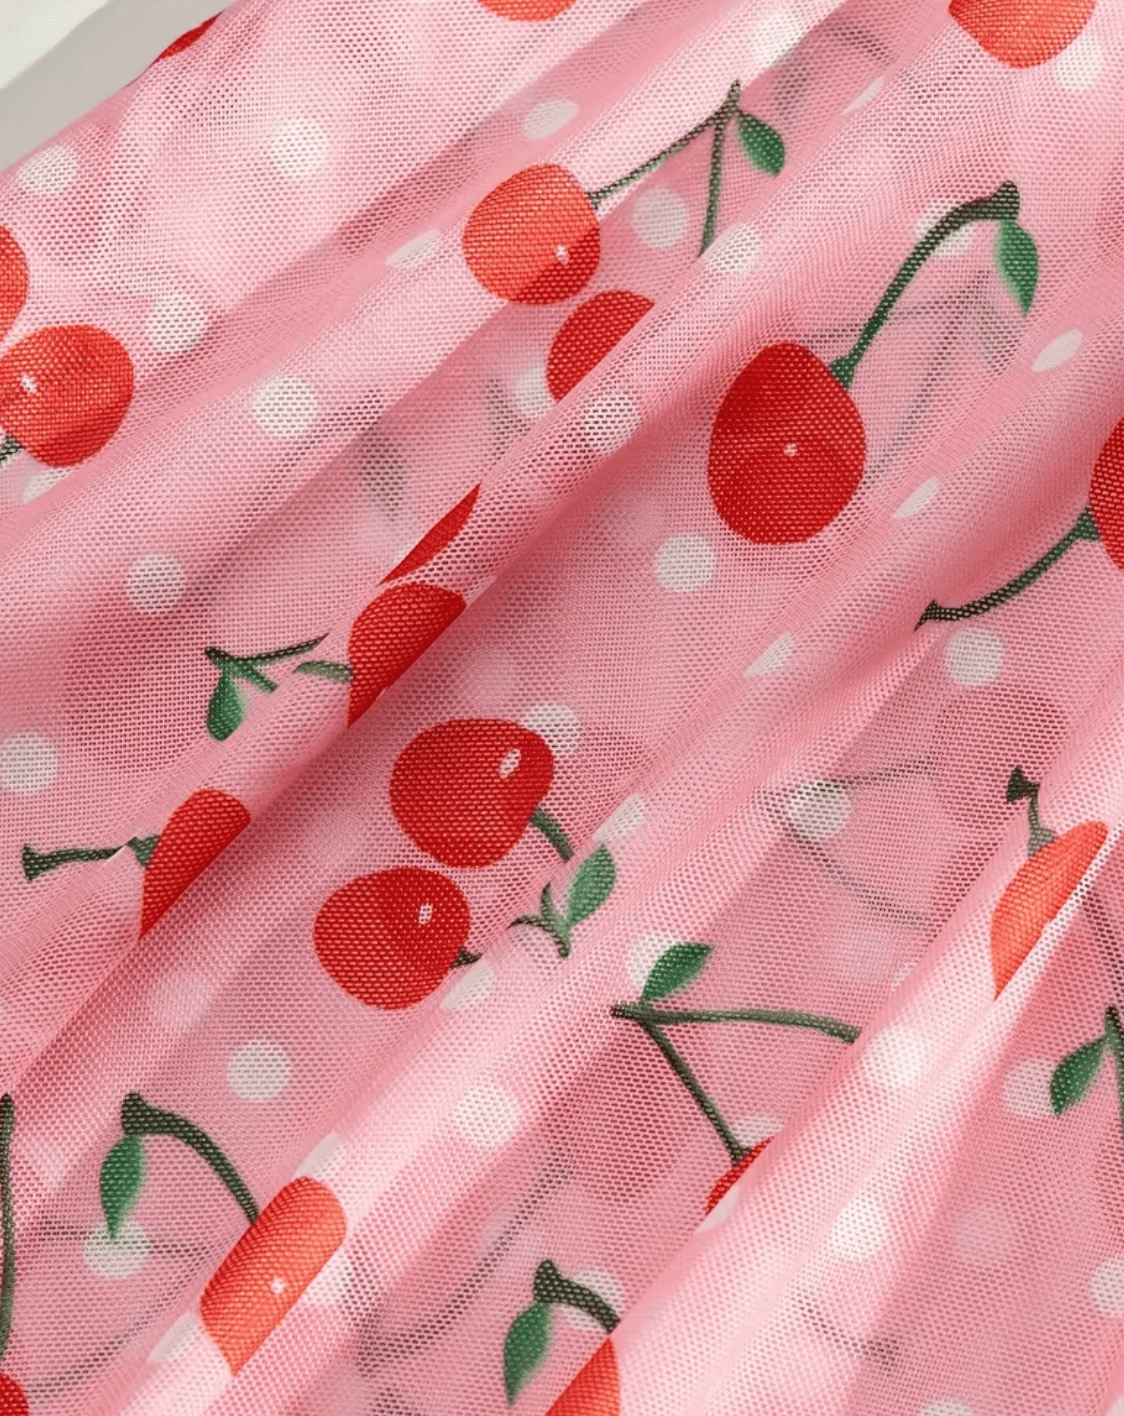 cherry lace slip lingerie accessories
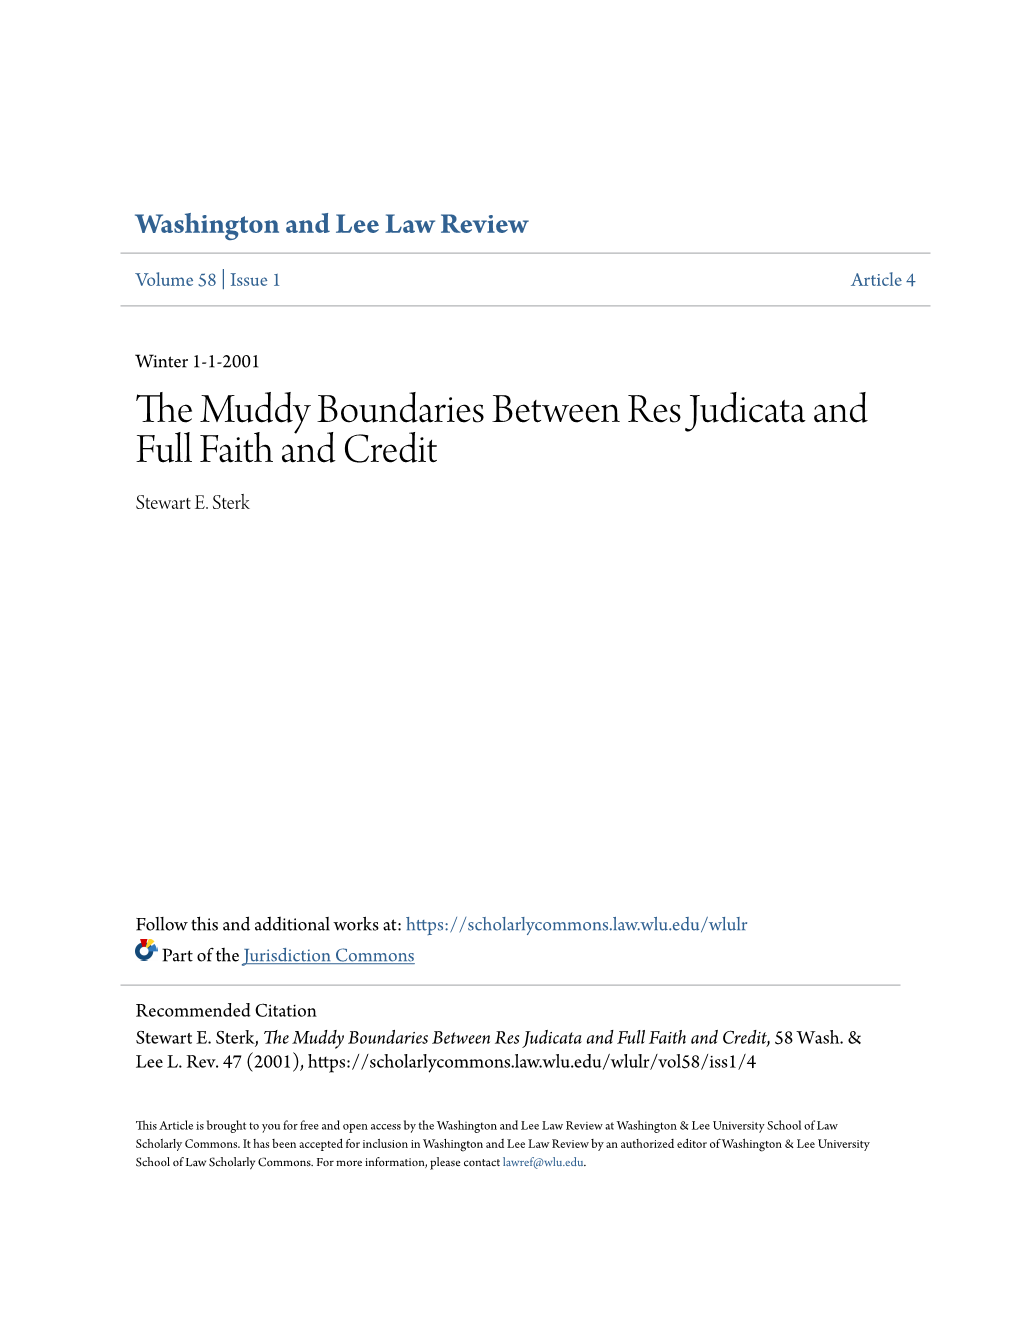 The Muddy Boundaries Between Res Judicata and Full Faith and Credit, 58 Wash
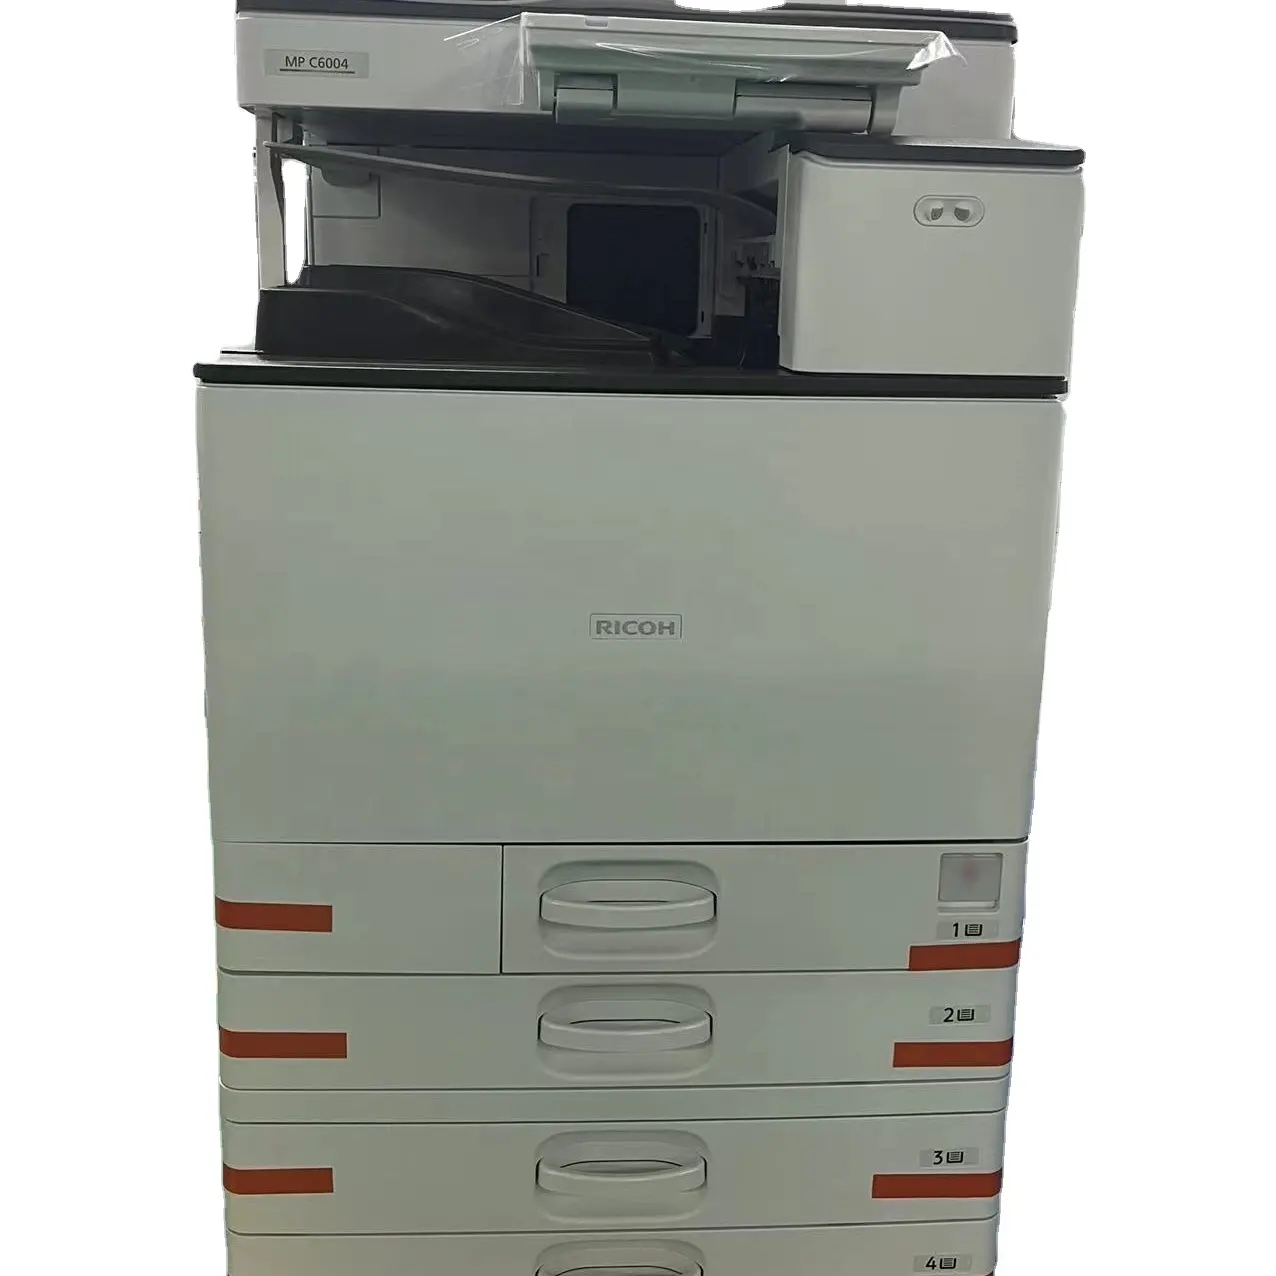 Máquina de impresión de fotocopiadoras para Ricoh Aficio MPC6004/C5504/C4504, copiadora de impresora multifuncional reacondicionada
· · · ·
Once more, give the listing above exactly, leaving each picture out.

Written answer:
 cherry lace slip lingerie accessories
 The Muddy Boundaries Between Res Judicata and Full Faith and Credit, 58 Wash
 Máquina de impresión de fotocopiadoras para Ricoh Aficio MPC6004/C5504/C4504, copiadora de impresora multifuncional reacondicionada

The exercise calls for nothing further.